Lincoln, Neb., Jan. 15, 2013 -- Contrary to long-held misconceptions, trees never stop growing during their lifespans, a new study has found.
In fact, as they age, their growth accelerates, even after they've reached massive sizes. This means that older trees play a substantial and disproportionate role in the Earth's carbon cycle -- one of the cycles that makes Earth capable of sustaining life.
The groundbreaking findings are in a new study co-authored by University of Nebraska-Lincoln biologist Sabrina Russo and published today in Nature.Researchers analyzed the compiled biomass growth measurements of 673,046 trees belonging to 403 species from various temperate and tropical regions across six continents.
They concluded that for most tree species, mass growth rate continues to increase with their size, with some species' largest trees growing by a mass equivalent to a mid-sized tree in a single year.
"Looking at data from whole forests -- that is, all trees in a forest considered together as a unit -- it is often found that forest productivity declines with the age of the forest, but that does not mean that the growth of the oldest trees declines," said Russo, a forest ecologist in UNL's School of Biological Sciences. "What turns out to be key to understanding tree growth is to examine the growth pattern of each individual, not just the forest stand as a whole."
In addition to discovering this property of tree growth, the conclusions also contribute to understanding the global carbon cycle because trees, like all plants, take up carbon dioxide from the air and sequester it in their biomass.
"About 50 percent of a tree's wood is carbon, so a rapidly growing, large, old tree can remove huge amounts of carbon from the atmosphere, through an enormous photosynthetic flux -- far more than a younger, smaller tree can," Russo said.

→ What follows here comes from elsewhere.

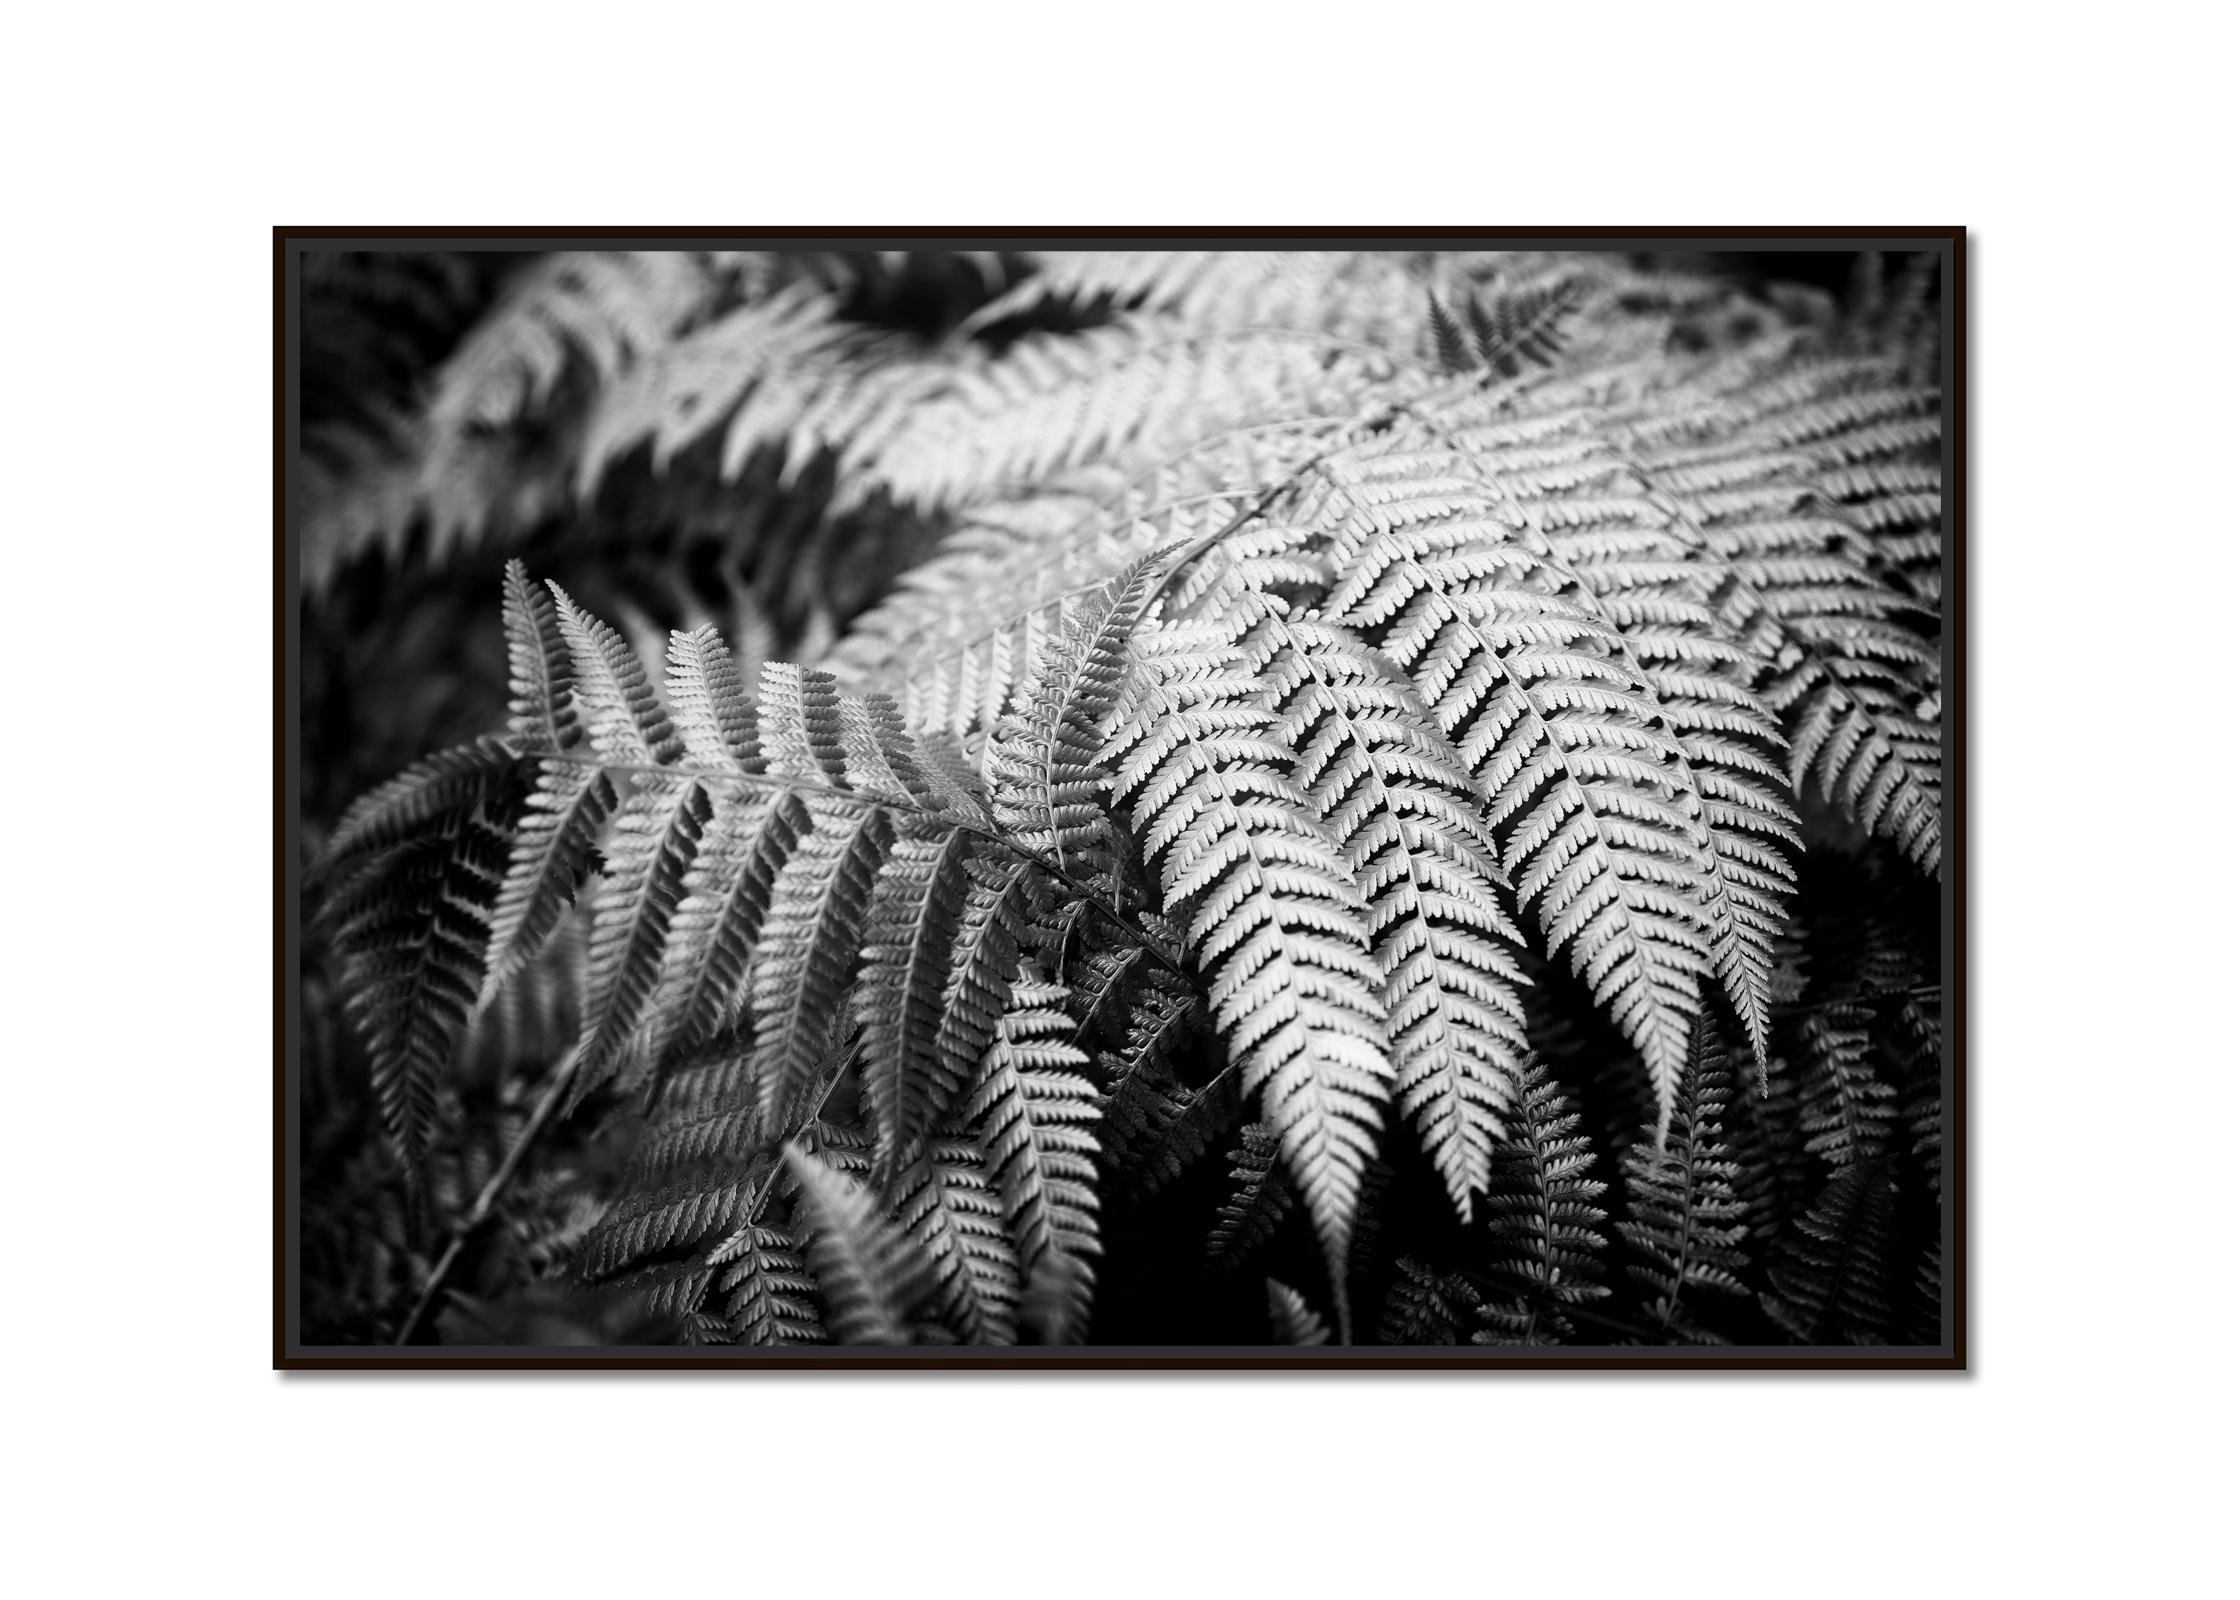 Polypodiopsida, Spain, black and white fine art photography, landscape, flora - Photograph by Gerald Berghammer

"While they are alive, these giant elders of the forest play a disproportionately important role in a forest's carbon dynamics."
While 38 researchers from 29 institutions collaborated on the study, Russo was instrumental in the research. She contributed to development of the data analysis methods, as well as the analysis and interpretation of the results.
Russo's principal research site in Lambir Hills National Park in Malaysia on the island of Borneo also lent data to the study for 76 Southeast Asian tree species.